À propos du conte
L'espace de tous les possibles !
La littérature orale est vieille comme la parole. L'humanité dès l'instant que ses membres ont su communiquer en parlant a profité de cette aubaine pour passer outre le simple échange de consignes ou de propos pratiques. Des humains ont répondu aux grandes questions existentielles en créant des récits qui avaient la vertu de transmettre des connaissances, de dépasser des peurs, d'ouvrir des espérances et de transcender la condition humaine.
Le conte est né autour du feu au sein de la communauté pour en tisser les liens tout en favorisant la cohésion du groupe. C'est par le truchement d'aventures épiques, mirifiques, fantastiques que l'idée de partager une épopée unique sur cette Planète a germé dans les esprits. La fiction emprunte d'éléments magiques a permis aux individus de se projeter dans une curieuse notion pour des membres soucieux uniquement d'assurer l'immédiat.
L'avenir est né dans cette forme qui semble ne se tourner que vers le passé. C'est là le point essentiel de cette forme d'expression qui semble étonnamment incomprise depuis quelque temps dans notre société si furieusement contemporaine. La formule rituelle :« Il était une fois ! » a laissé croire que cette activité ne se souciait que de se retourner inlassablement vers un avant des plus lointains.
Erreur funeste qui a privé le conte de ses desseins essentiels : se montrer subversif pour avancer en gommant les imperfections et les errements des récits antérieurs tout en mettant en garde sans cesse sur les fausses routes, les leurres et les pièges que l'existence sème sans cesse sur le trajet des individus.
La littérature orale prend les habits du passé pour ouvrir de nouveaux possibles. C'est un acte éminemment politique qui n'a pas été perçu ou volontairement gommé par ceux qui se sont évertués à laisser croire que ce n'est qu'une forme d'expression réservée aux jeunes enfants. Les bibliothécaires dans cette interprétation malheureuse ont considérablement desservi les conteurs qui s'évertuent à créer de nouveaux textes.
Il faut aussi admettre que bien des pratiquants de cette activité ont succombé à cette dérive en acceptant cette déplorable limitation, cessant de se produire devant des adultes ou se contentant de pratiquer devant des auditeurs avertis de moins en moins nombreux. Le grand public fuit des spectacles qui sont affublés de tous les défauts de la terre : ringards, dépassés, archaïques, soporifiques, pénibles, exigeants, incompréhensibles…

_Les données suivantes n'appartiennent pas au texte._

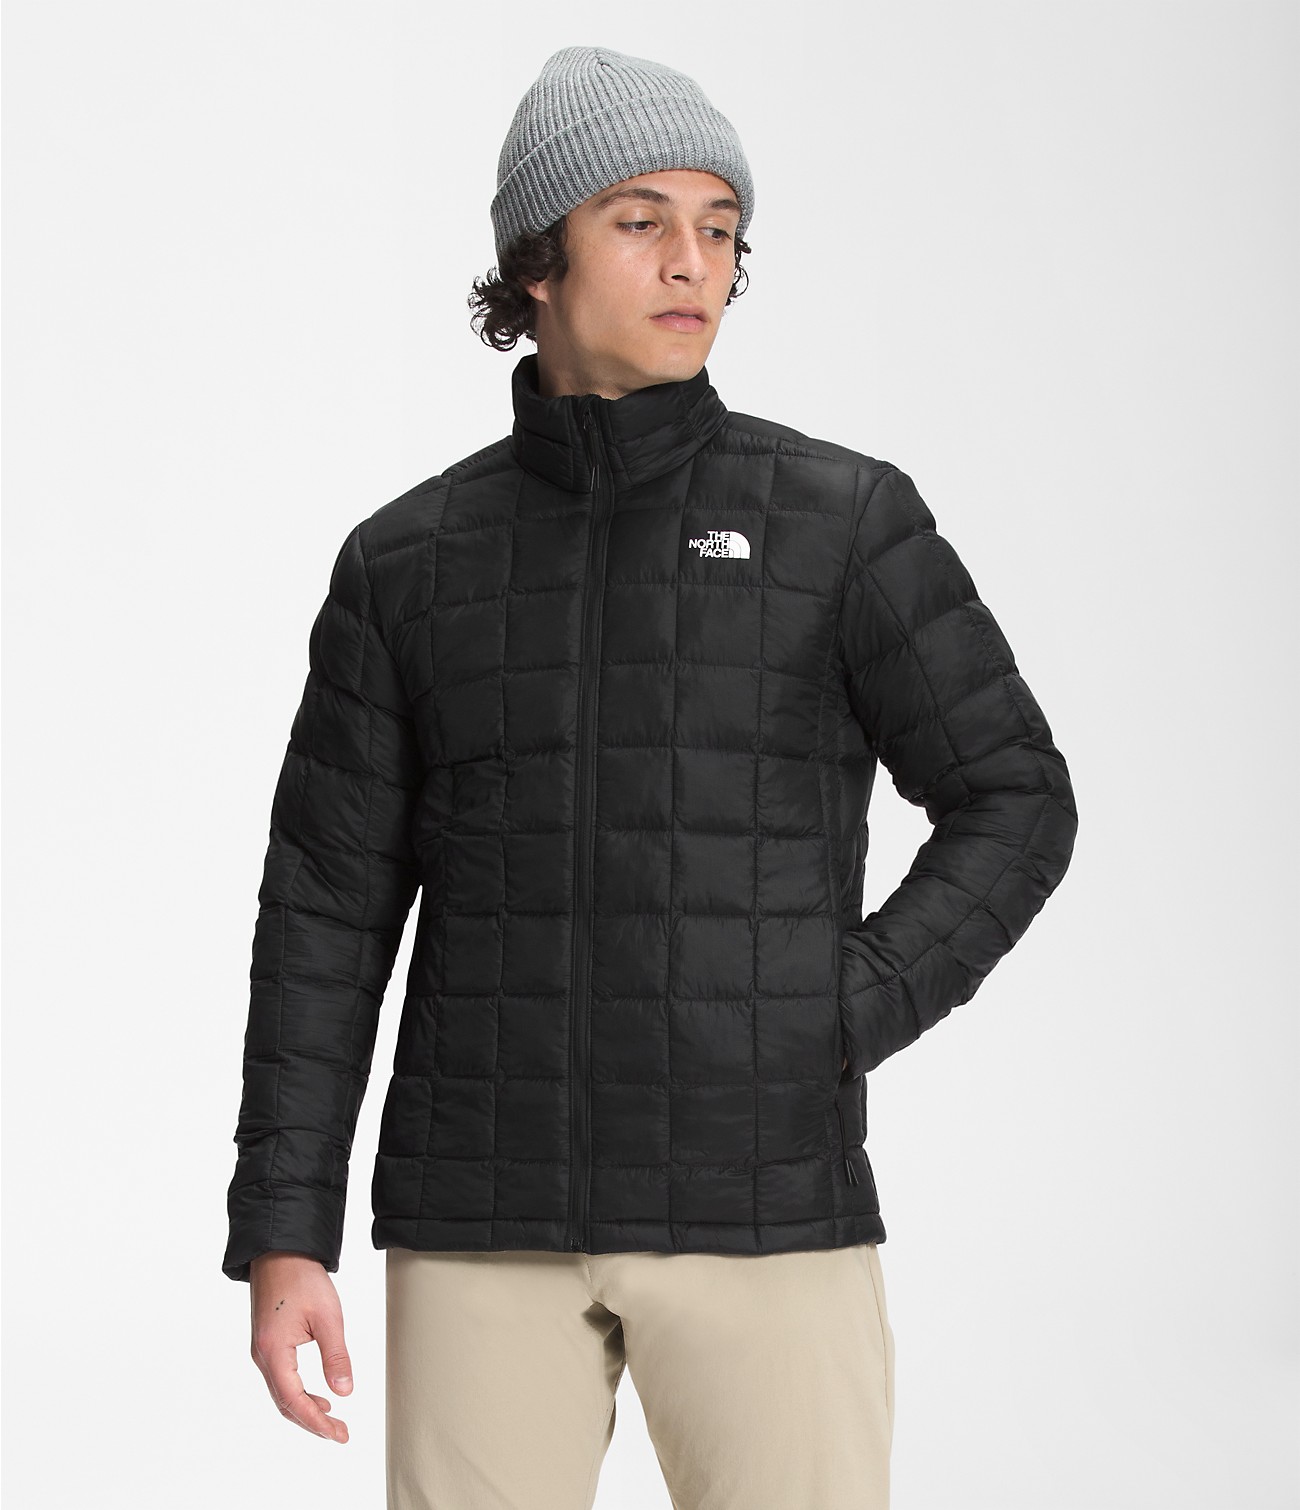 Unlock Wilderness' choice in the Kathmandu Vs North Face comparison, the ThermoBall™ Eco Jacket 2.0 by The North Face

Il serait possible de continuer inlassablement la litanie des tares que les esprits éclairés par les seuls écrans de toute nature attribuent à ce précieux héritage littéraire. Il est vrai que leur incapacité à donner du sens en dehors du bruit et de l'image les laisse sur le bord du chemin tandis que leur capacité à donner du sens et à se concentrer plus de quelques minutes les fait sortir du cadre.
C'est donc ainsi que le conte est devenu un vecteur d'expression réservé à tous ceux qui d'une manière ou d'une autre ont échappé au terrible conditionnement de masse qui souhaite poursuivre l'œuvre assigné à l'école de fabriquer des crétins ineptes à la réflexion et à la projection. Nous pouvons mesurer les effets de cette stratégie menée par des élites qui entendent ainsi manipuler toujours plus des masses condamnées à l'état d’hébétude devant un réel qu'ils ne sont plus en mesure d'analyser, comprendre et infléchir.
Les choix politiques évoluent clairement vers cette lente fascination pour les solutions radicales, ségrégationnistes, violentes et parfaitement ineptes pour affronter les défis d'un futur imprévisible, incohérent et menaçant. Le conte devrait être cet outil d'analyse et de projection qui ouvrirait des débats, des réflexions collectives de nature à penser autrement qu'en suivant les simplifications des prophètes du malheur.